When my onc told me that if I had chemo AND herceptin it would make a 3% difference, he said at the same time, that 1% of people die from the chemo alone.
I had an Oncology appointment today and was discussing the way forward with my Onc as I have extensive spread in the bones, lungs, liver and now today have found out that the mysentary area around my stomach is infected by disease also. Anyway, whilst discussing threatment options, my Onc said that she could not consider giving me chemo at this stage as I'm too ill and my bloods are not up to scratch. She then went on to mention a study that said chemo could be killing people within 30 days before the disease does and she did not want to put me in that situation. She said that often we use chemo too much.
Having now read the article in the Times, and taking on board what my Onc said, I feel that the articles are quite misleading. So, is the article saying that there should be a greater knowledge within the A&E depts regarding the side effects of chemo and that someone who presents themselves at A&E and who has recently had chemo and has a high temperature should be treated with anti-biotics straightaway because I assume that they are neutropenic?
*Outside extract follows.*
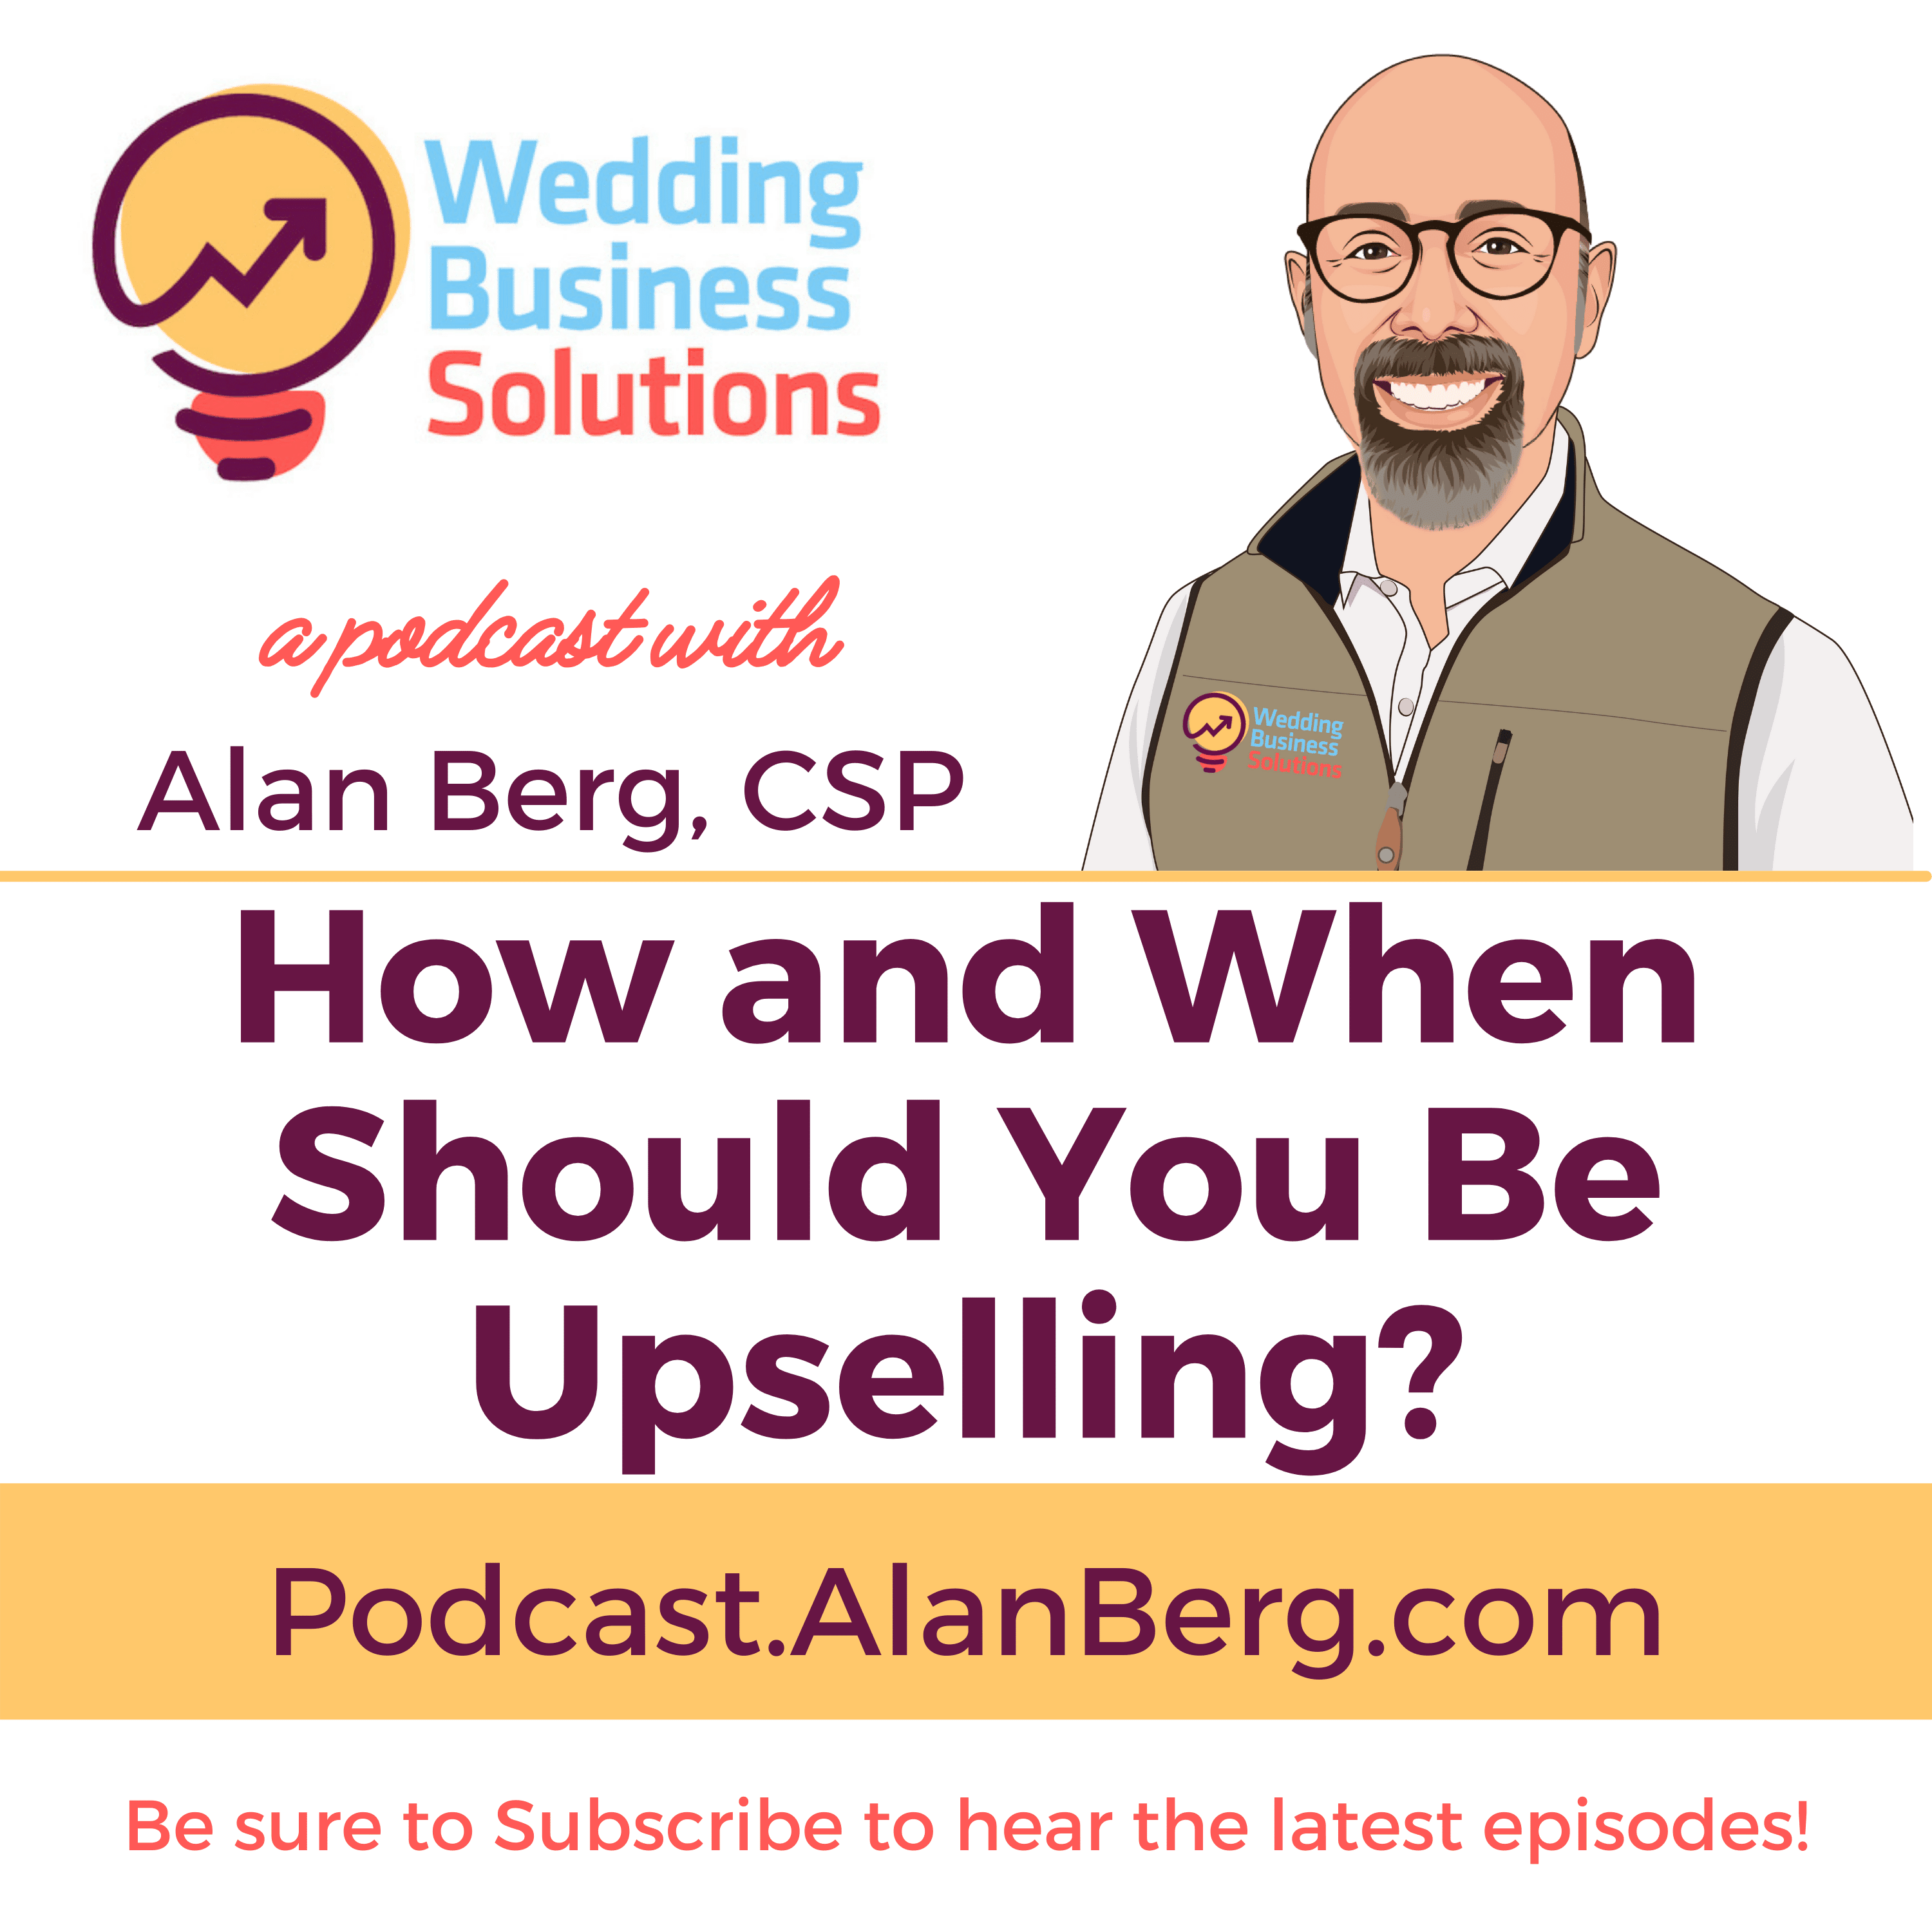 How and When Should You Be Upselling - Alan Berg CSP, Wedding Business Solutions Podcast

Or, is the article trying to say that people are dying sooner than they should because they are being given chemo when in fact their bodies can't take it and they would survive longer than the 30 days if they had not had chemo? Which I believe is what my Onc was telling me today.
Sorry, but I suppose I've just confused the issue even more, but having just spoken with my Onc today I assume this is what she is talking about.
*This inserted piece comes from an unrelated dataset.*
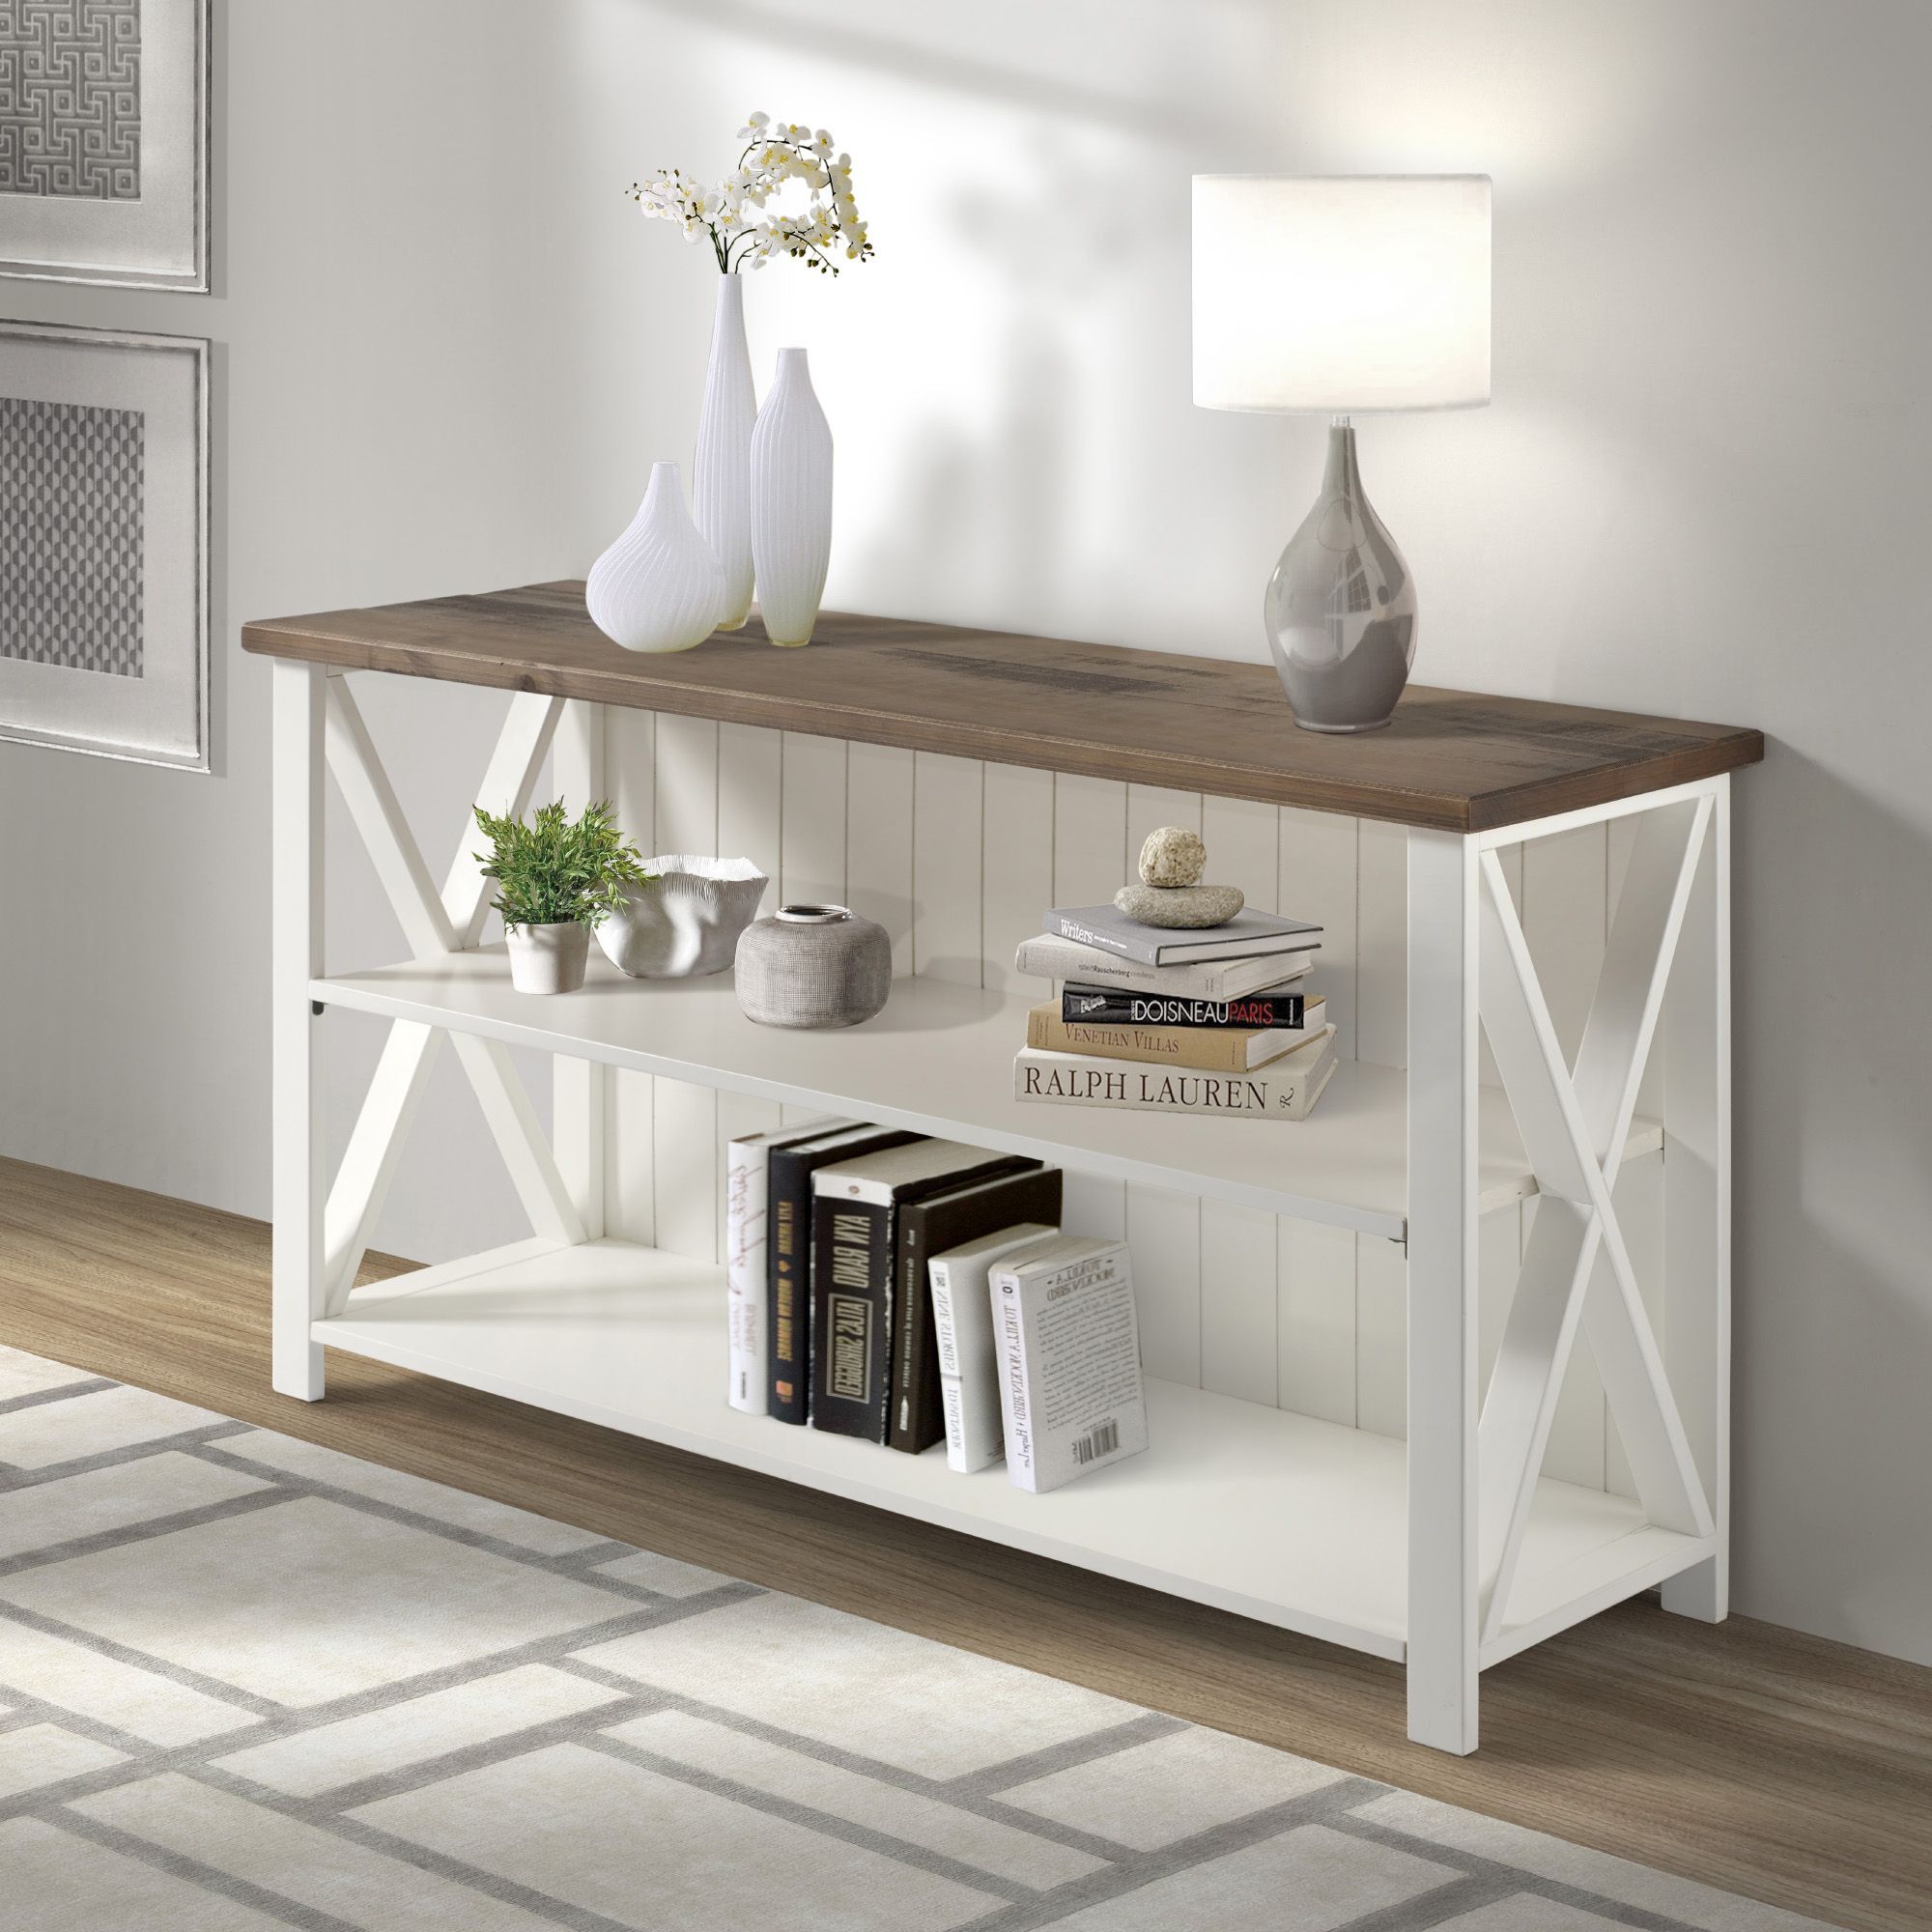 Woven Paths Solid Wood Storage Console Table, White With Regard To Woven Paths Open Storage Tv Stands With Multiple Finishes (View 7 of 15)

I remember last year seeing my oncologist just before starting chemotherapy. She warned me very strongly about the importance of how dangerous infections and other side effects can be from the chemo and that I mustn't ignore ANY signs of infection or heart problems. I should get to a hospital ASAP in the event of any of these problems. She had just lost a patient from chemo complications and did not want the same to happen to me. This stuck in my mind the whole time and taught me to treat chemotherapy as a regime that could help me but had the potential to kill me if certain symptoms were ignored. I have read both articles and as mentioned the times article is definately the most coherent.Thanks for bringing to the forum everyone.
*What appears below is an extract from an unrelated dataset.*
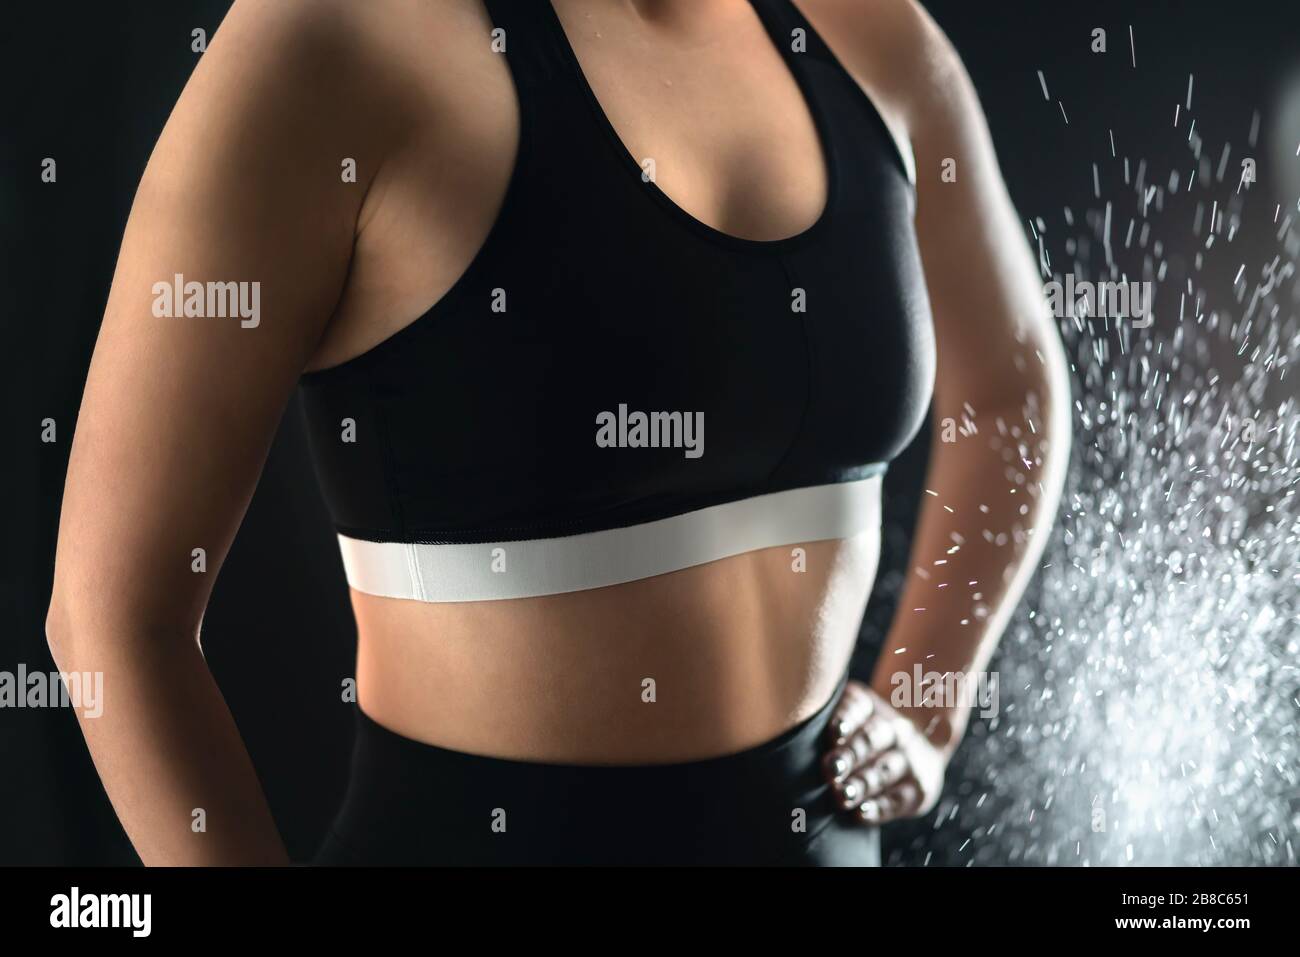 Fit woman in workout clothes. Weightlifting, gym training and fitness concept. Confident lady in sportswear and sports bra. Strong female weightlifter. Stock Photo

I think the Telegraph article is very badly written. It seems as though the writer doesn't actually understand what they are writing about.
The Times has a much better version of the story:
It seems to be discussing 2 things... the need for a&e to realise how important it is if chemo patients arrive with high temps or infections etc due to our low immune system... Perhaps the figure is higher than we expect as it is more of a problem with eldery patients or certain other types of cancer?
But then also goes on about them needing tp realise someone has undiagnosed cancer and have ended up in a&e as they are now very sick... But obviously those people can not be on chemo yet...
Here is a link to the full article...
Hi Nikki, I had a friend, with bc, who died from the effects of one particular chemo..the side effects brought on cardiac arrest.
One in four sounds surprisingly high, to me.
After posting this and seeing it in the theads I have realised that the title may upset some people, so so sorry, just didn't think as tend to be quite black and white.
If an admin reads this, please can you change it to the title of the newspaper article.
Sorry again for upsetting anyone
Spotted this peice in the paper from Saturday, has anyone got a clue what it's about? Doesn't make sense to me.
"Specialist Cancer Care In Casualty"
"Every hospital casualty department in England could be given access to a cancer specialist to try and reduce deaths uneccessarily hastened by chemotherapy. A report had claimed that more than one in four patients could be dying early because of the treatment. Prof Mike Richards, the Governments cancer tsar, urged hospitals to adopt the guidelines from the National Chemotherapy Advisory Group"
Does it mean people are dying due to complications the casualty departments arn't spotting?? Although somewhat vague, it's not exactly comforting.